● EXERCISE BRIEF
The listing below has to be output exactly as given, less its pictures.

● DATA BLOCK
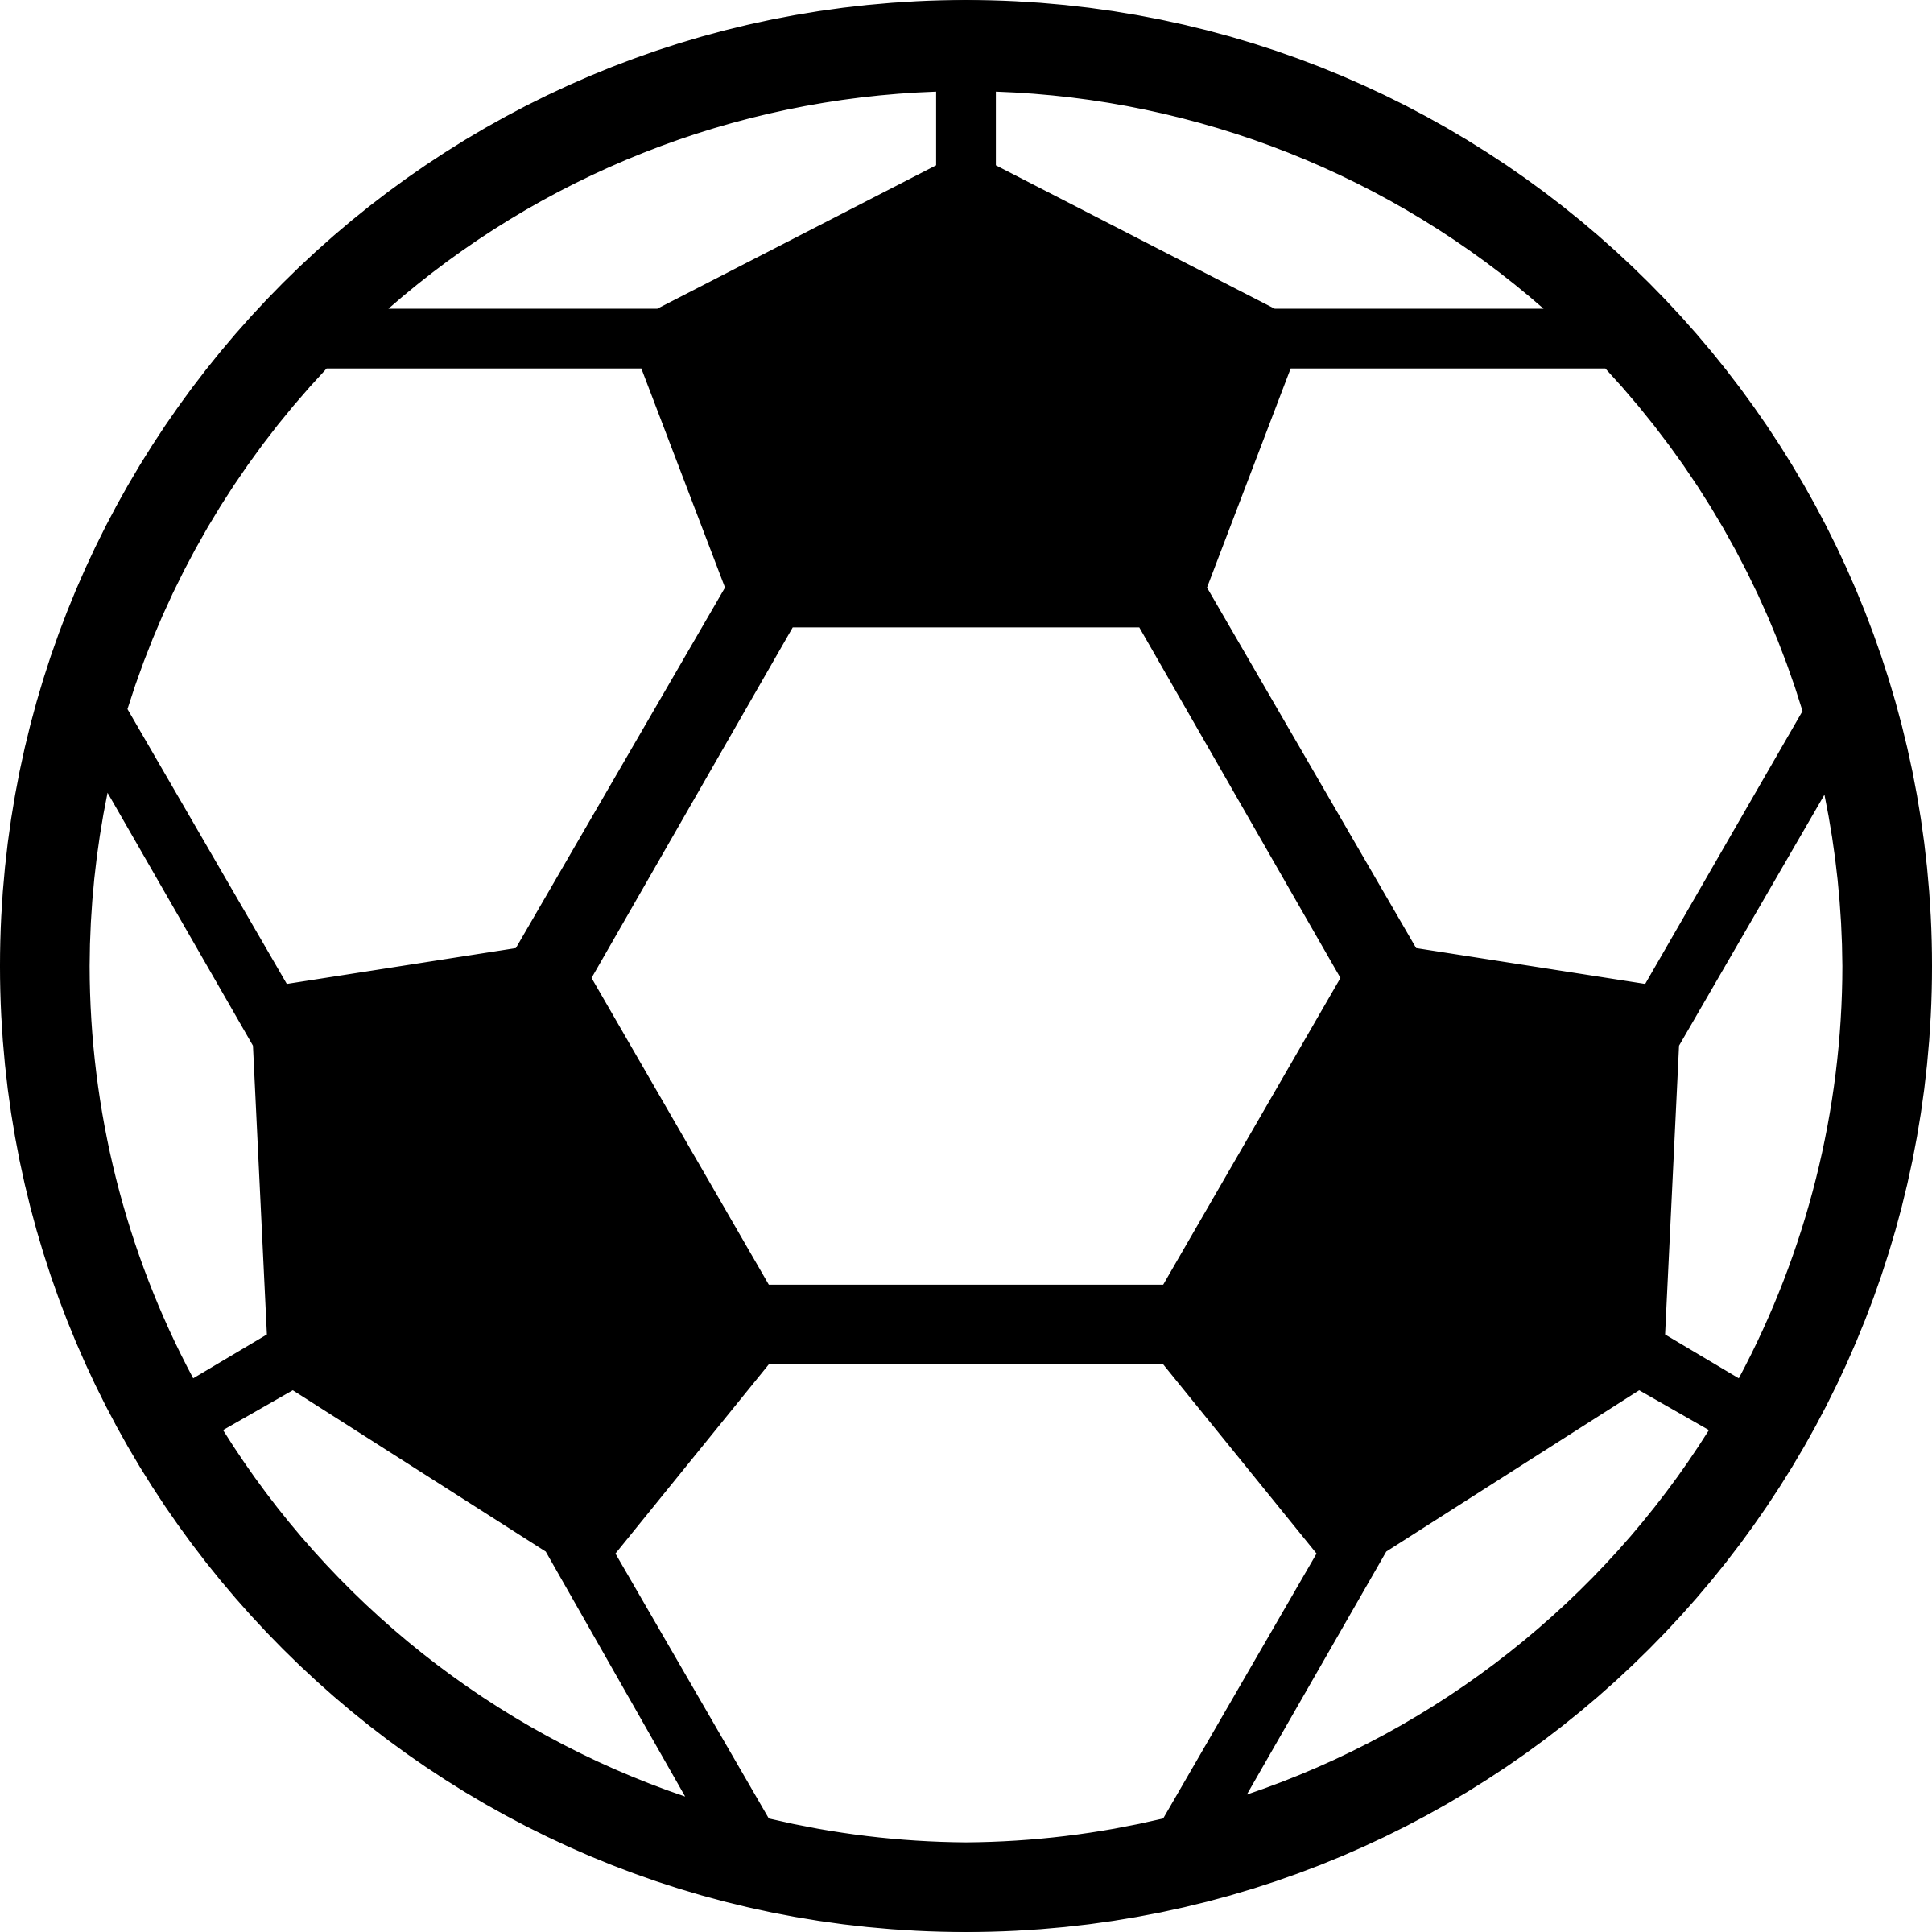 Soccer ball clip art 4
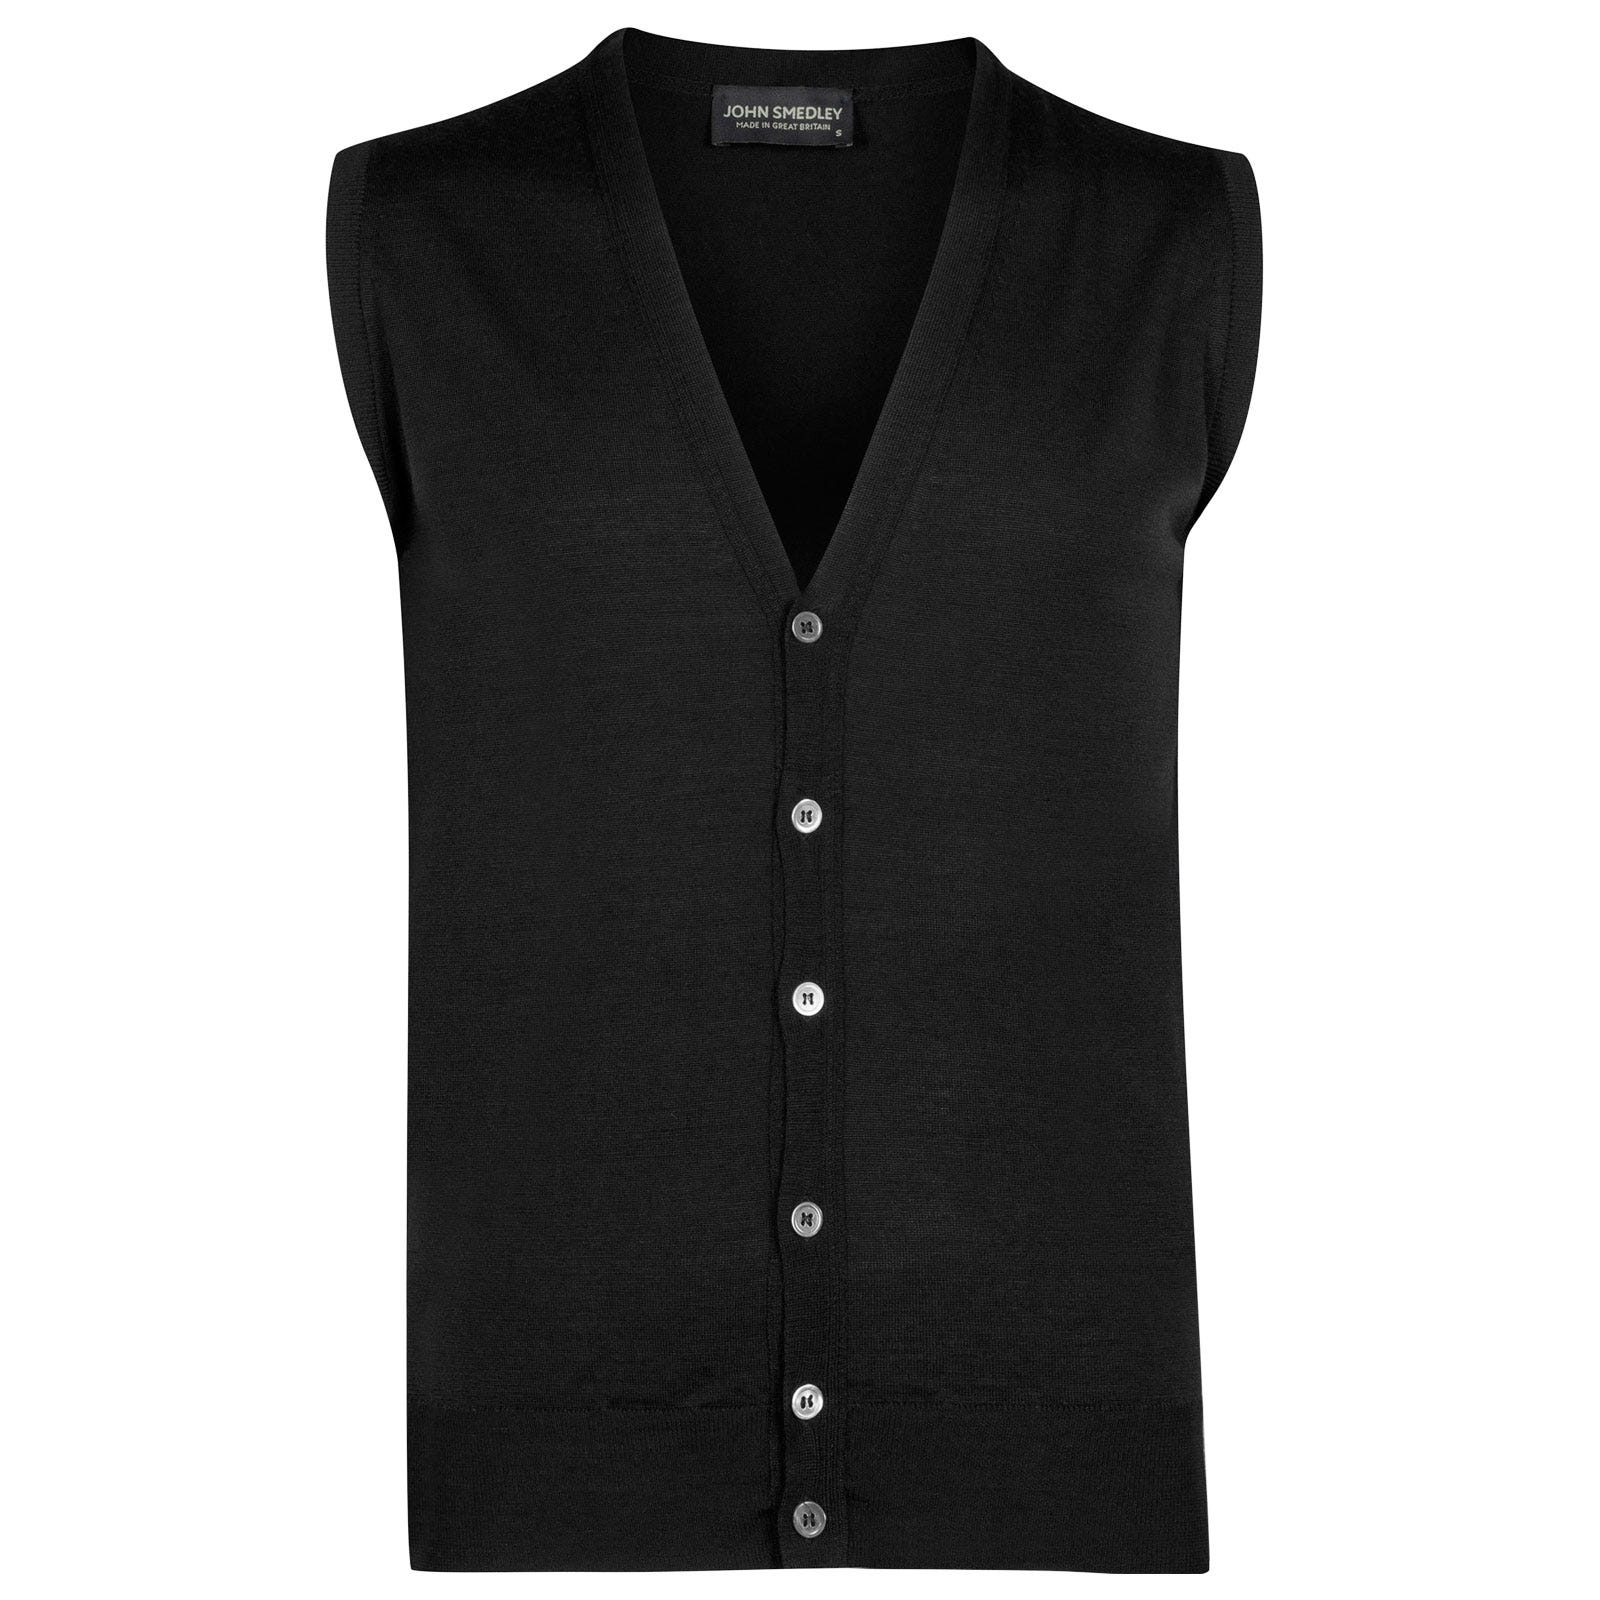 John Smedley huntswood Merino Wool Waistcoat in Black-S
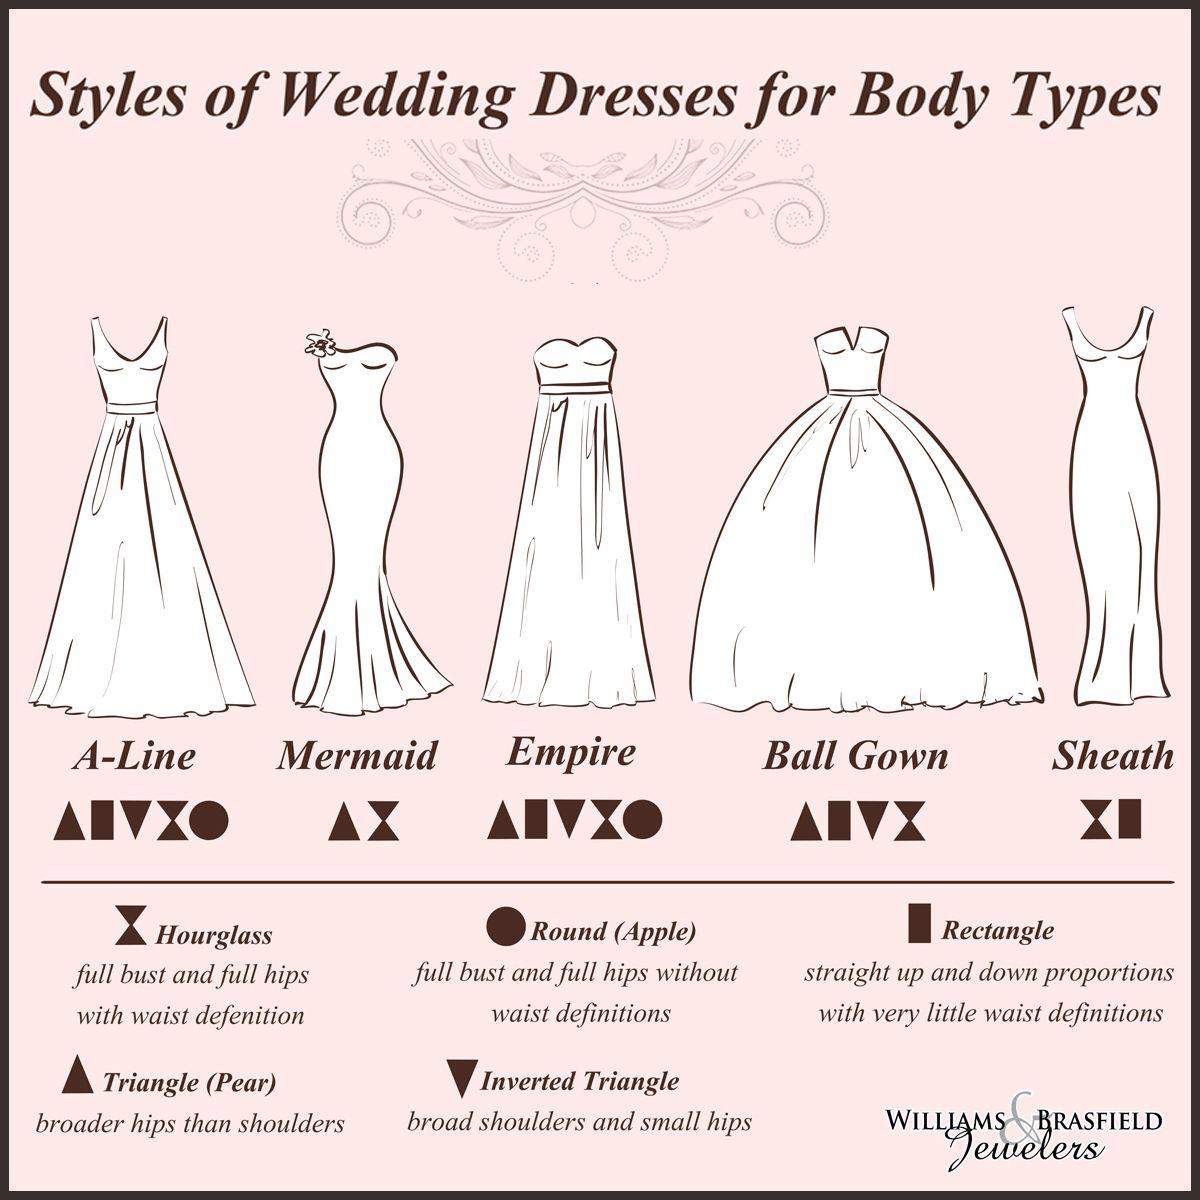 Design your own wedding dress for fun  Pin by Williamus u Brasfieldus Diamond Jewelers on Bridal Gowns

● ANSWER SPACE
 Soccer ball clip art 4
 John Smedley huntswood Merino Wool Waistcoat in Black-S
 Design your own wedding dress for fun  Pin by Williamus u Brasfieldus Diamond Jewelers on Bridal Gowns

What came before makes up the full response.